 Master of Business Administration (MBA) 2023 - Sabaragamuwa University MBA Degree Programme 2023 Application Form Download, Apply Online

--

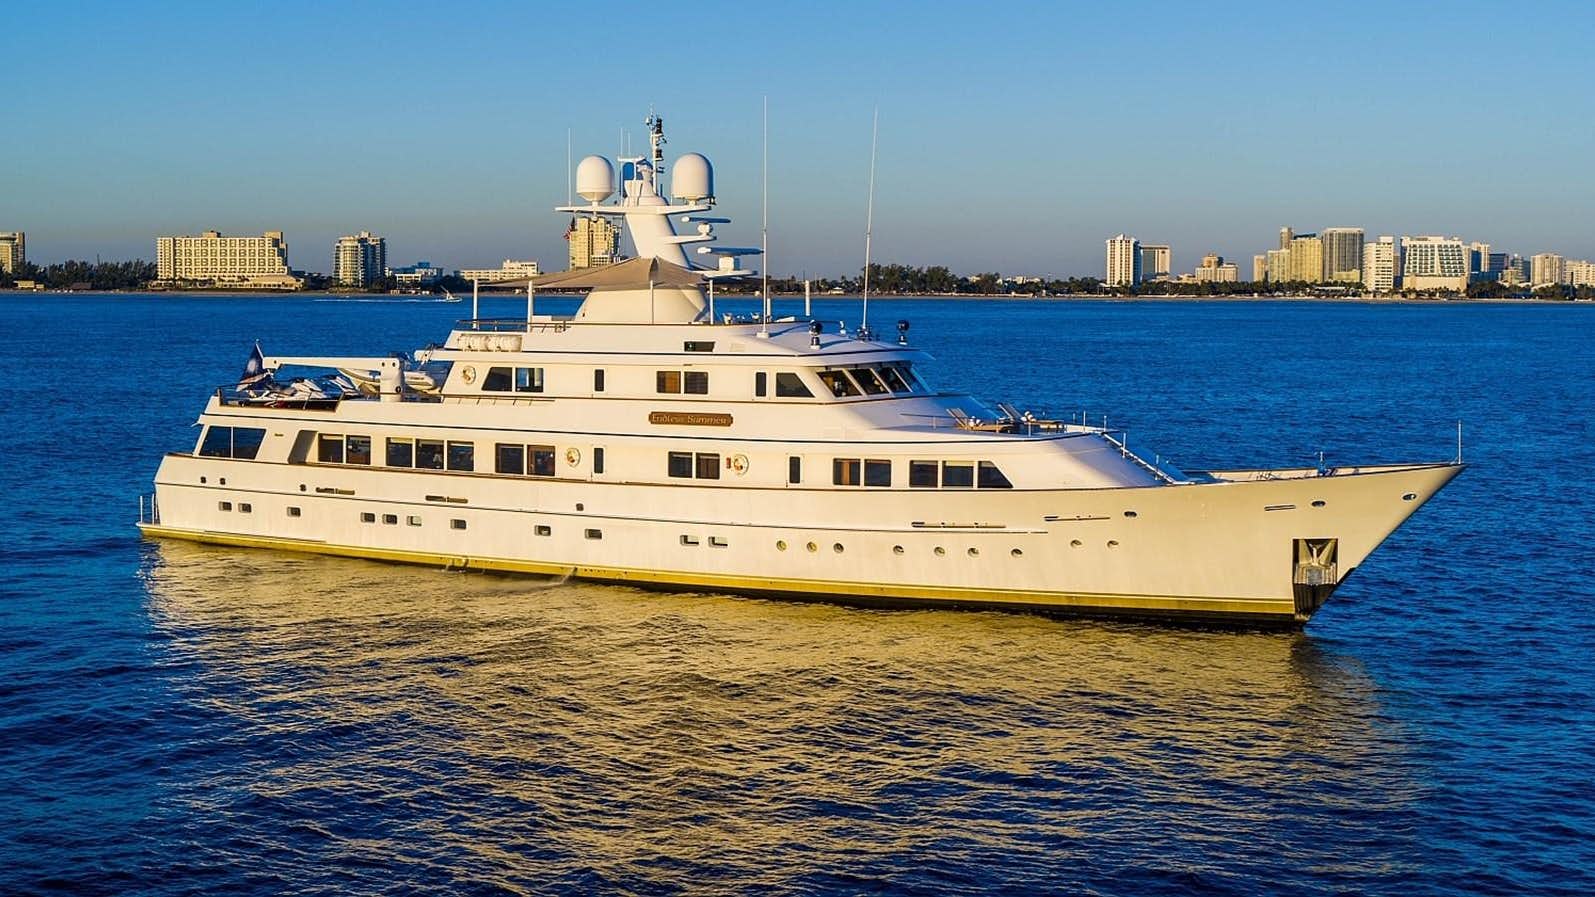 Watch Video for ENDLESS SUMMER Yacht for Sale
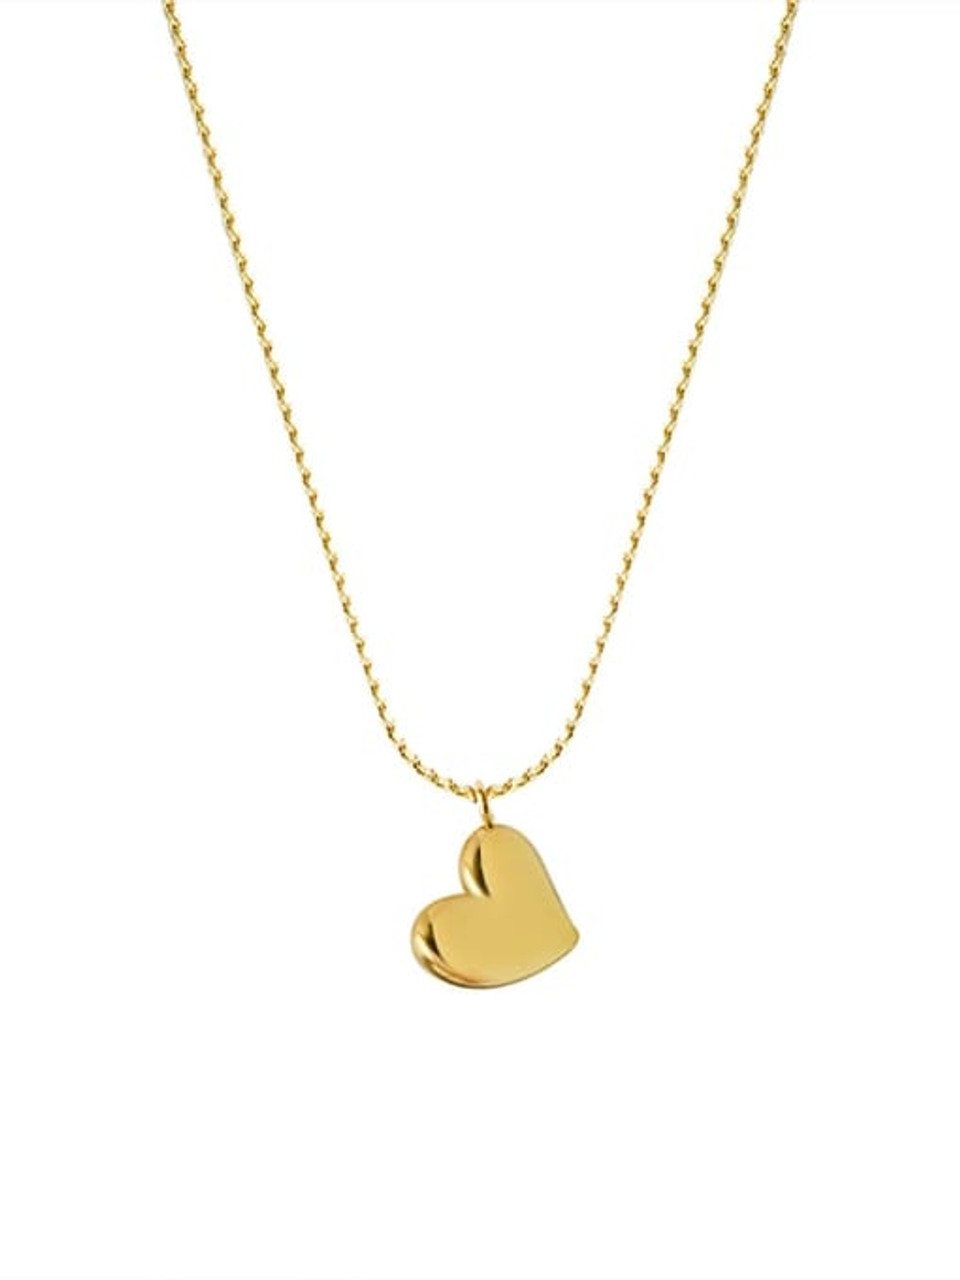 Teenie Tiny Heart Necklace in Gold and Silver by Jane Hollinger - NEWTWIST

What the task asks: Exactly as written above, retype the lines starting at the one holding "Watch Video for" and ending at the one holding "Teenie Tiny Heart", both included, but not the pictures.

Solution to this exercise:
 Watch Video for ENDLESS SUMMER Yacht for Sale
 Teenie Tiny Heart Necklace in Gold and Silver by Jane Hollinger - NEWTWIST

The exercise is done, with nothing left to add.